The standard version of this story, Ono explained, leads one to believe that Ramanujan recognized this extraordinary property of 1729 spontaneously. "Except it's wrong," he said.

Ono did much more in his Distinguished Lecture, "Gems of Ramanujan and their Lasting Impact on Mathematics," than shed new light on the famous tale of the first taxicab number. He recounted Ramanujan's life story and drew non-mathematical lessons from it. He described his involvement in Hollywood's adaptation of Robert Kanigel's The Man Who Knew Infinity and showed scenes from the film. Ono not only outlined mathematicians' continued efforts to fathom Ramanujan's uncanny insights, but outed Jeremy Irons as an uncoordinated tennis player.

Two-Time College Dropout

Srinivasa Ramanujan (1887-1920) was born in southern India into the Brahmin or priestly caste and remained a devout Hindu to his death. Having developed trigonometry for himself by 13, he soon turned his attention to Synopsis of Elementary Results in Pure Mathematics, fleshing out the many details the author's ellipses left to the reader.

"Ramanujan viewed the dot dot dot as a personal challenge," said Ono, who first learned of Ramanujan in the 1980s from his number theorist father.

"He told me the story about some Indian dude who died 60 years before who had visions from a goddess who inspired an entire generation of Japanese mathematicians while at the same time not knowing anything about mathematics as a two-time college dropout," Ono recalled.

Though incredulous, the teenage Ono found in the fantastical sounding tale a heartening takeaway. "What I heard was [that] my father looked up to a two-time college dropout," Ono said. "That's what I latched onto."

Those who value class rank and SAT scores above all else should not discount unconventional paths to success, Ono stressed as he sketched the outline of Ramanujan's biography. Even as Ramanujan's obsession with mathematics tanked his university career, Ono observed, he had benefactors and parents who continued to support him. Today's educational systems are too inelastic, Ono mourned, for financial and emotional backers to give could-be geniuses license to chart their own trajectories.

Math at the Movies

Everyone needs help, Ono is fond of saying, and, luckily for mathematics, Ramanujan was not afraid to seek it.

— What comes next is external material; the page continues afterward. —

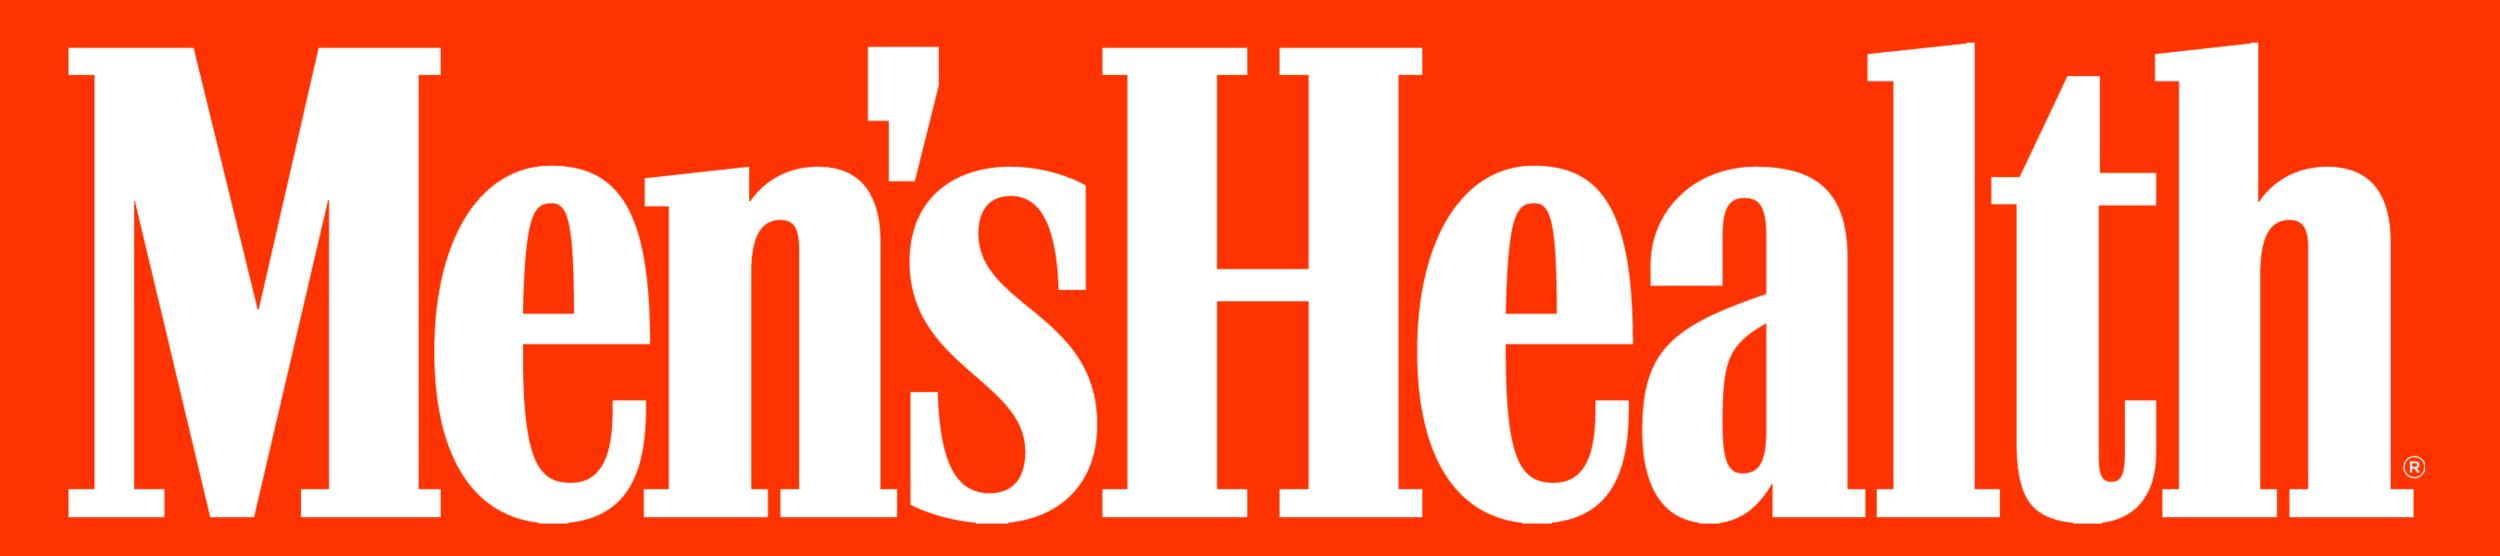 Men's Health Logo.png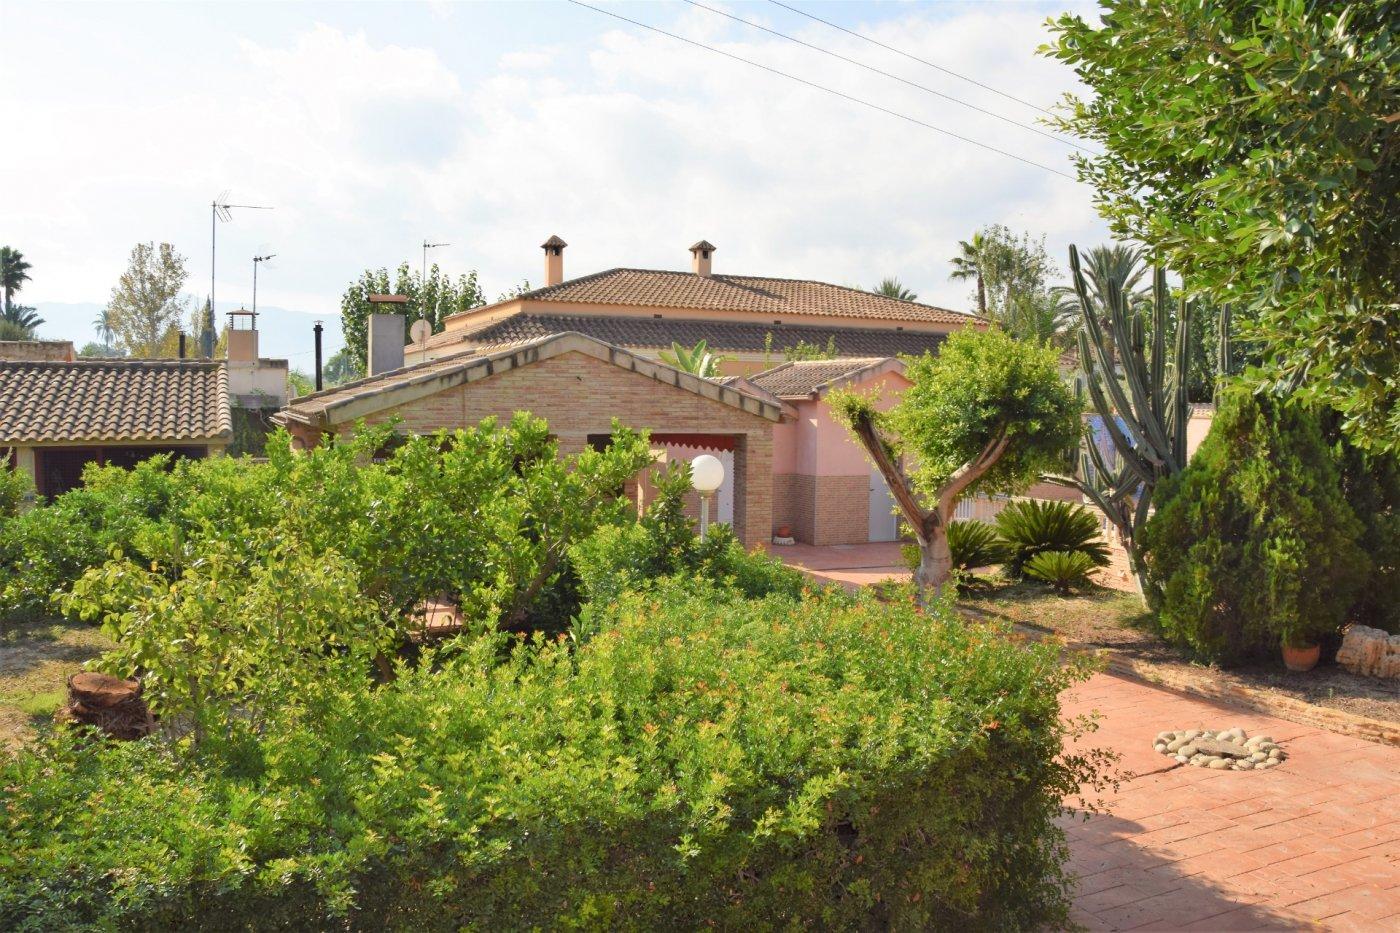 Chalet en Murcia www.joaquincarceles.com JC174 (50)

Of course the unschooled Madras clerk sought help from no less than the most distinguished mathematicians of his day.

"In Ramanujan you have someone who is supremely confident of his skills but at the same time very humble," Ono explained.

Ramanujan wrote to many mathematicians, but the one who read his letter start-to-finish, saw promise in even its more outlandish formulae, and invited Ramanujan to visit him in England was G.H. Hardy - atheist, curmudgeon, and stickler for mathematical rigor.

As the mathematics consultant for The Man Who Knew Infinity, Ono helped writer and director Matt Brown figure out how to convey on screen the desperation Ramanujan (Dev Patel) felt working in isolation in India, the struggles of G.H. Hardy (Jeremy Irons) to fully grasp Ramanujan's suggestive yet perplexing scribblings, the men's differing approaches to the advancement of mathematics.

To Ono fell the tasks of explaining to non-mathy people why math might be considered beautiful, of describing "what pure mathematics is to people who really don't care," of coaching Patel and Irons on how to convincingly portray mathematicians.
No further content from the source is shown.